Carrot halwa better to known as Gajar Ka Halwa is one of the famous desserts originated mainly in North-India .This traditional dish is made for occasions or festivals. In winter almost all North Indian households make it at least 3-4 times. Specially in winter this dessert is mostly used to prepare because red carrot is generally available during this time and red carrot is sweet in taste that enhance its taste more but orange colored carrot also can be used .It doesn’t differ the taste much. I can surely promise you that one bowl of hot carrot halwa will make your day special.

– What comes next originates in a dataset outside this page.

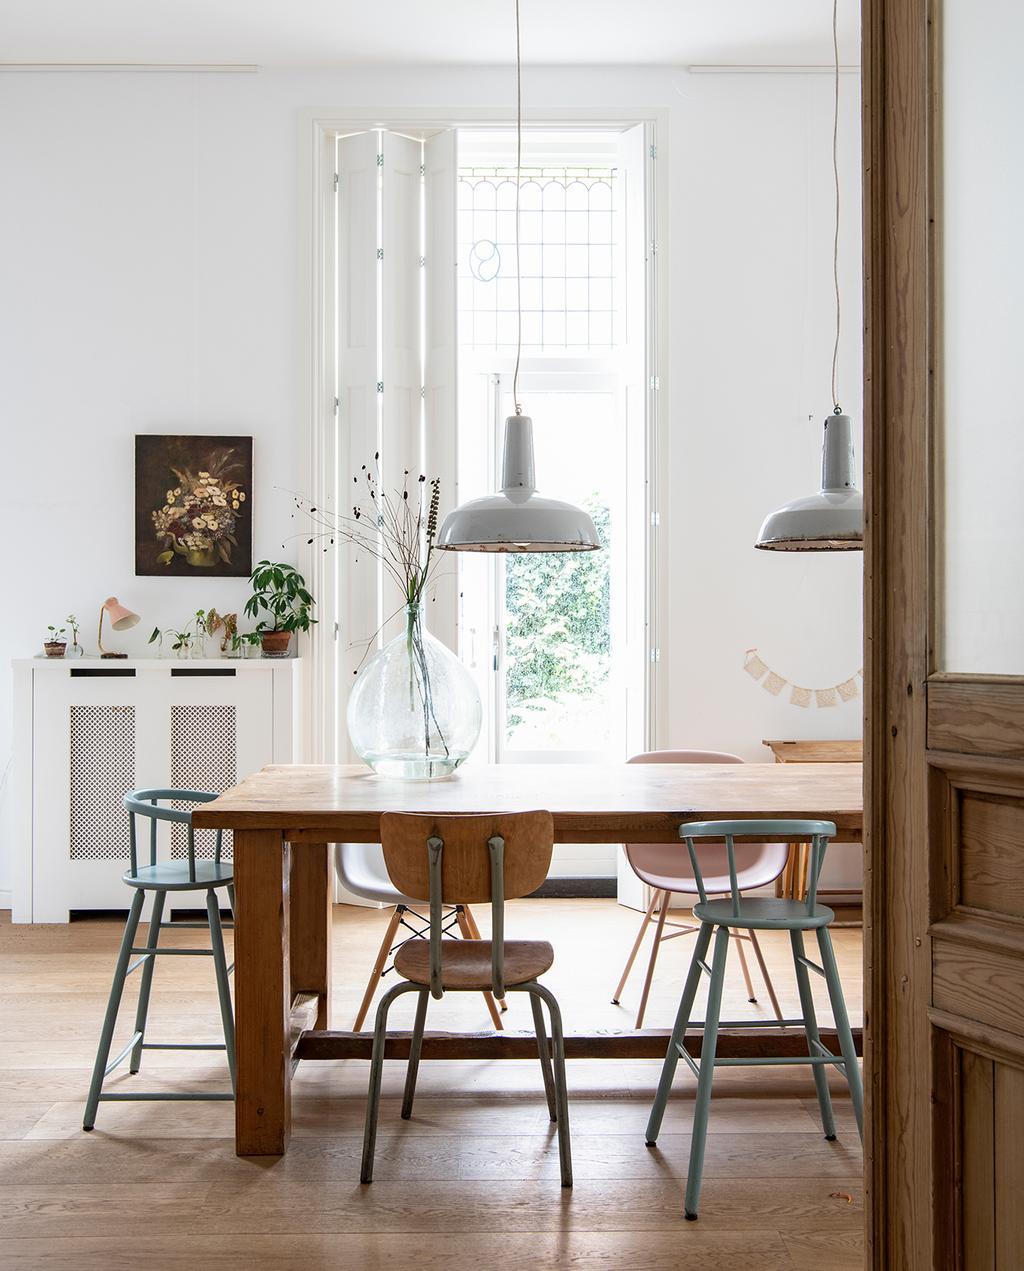 vtwonen 03-2020 | hout eetkamertafel met hanglampen

Very simple and minimum ingredients are required for this recipe. Basically grated carrot, cream milk, sugar, ghee and cardamom are need for this dish. Sometimes you can cut the carrot in cube .After boiling in milk, can mashed it. Instead of milk you can use condensed milk or readymade mawa. Here I used full cream milk.
We all know that Mawa is made reducing the milk, what I used in addition is one pinch of alam .It doesn’t convert the milk into chana, only help to make very little curdle that gives a very nice texture of milk. But it is totally optional. You can avoid it.Frankly speaking it was my experiment and I got the awesome result, so I am sharing with you all. So let’s start to make it..
· Carrot (grated)-5 medium sized
· Full cream milk-1 liter
· Sugar-1/4 cup +2 tsp using measurement cup and spoon.(sugar amount can be reduced according to taste.)
· Ghee-3 -4 tbsp.+1 tsp.
· 1/2 of crashed black cardamom
· 1 green cardamom crashed
· Just only 2 drops of lemon juice or only one pinch of alam
· Roughly chopped cashewnuts -1 handfull
· Chopped almond for garnishing
· Iron kadai or nonstick kadai both can be used to make it. I used big mouthed iron kadai.
· Heat a kadai, add 3-4 tbsp of ghee, when its hot moderately add grated carrot in it and fry it 9-10 minutes with stirring.
· Next add sugar and mix well, fry for more 1-2 minutes.
· Now add milk and let it boil for 5 minutes at high flame, then at medium heat let it boil with constant stirring until the full milk is reduced in half.
· Then add 2 drops lemon juice or one pinch of alam (it helps milk to make little curdle only not chana) and roughly chopped cashewnuts, cardamoms and then mix.
(I roasted the cashewnuts in little bit of ghee then added, but if you want can add without roasted)
· Stir constantly until the milk is reduced totally and will be looked like mawa and thick layered along with carrot.
· Serve hot garnishing with chopped almonds and cashewnuts.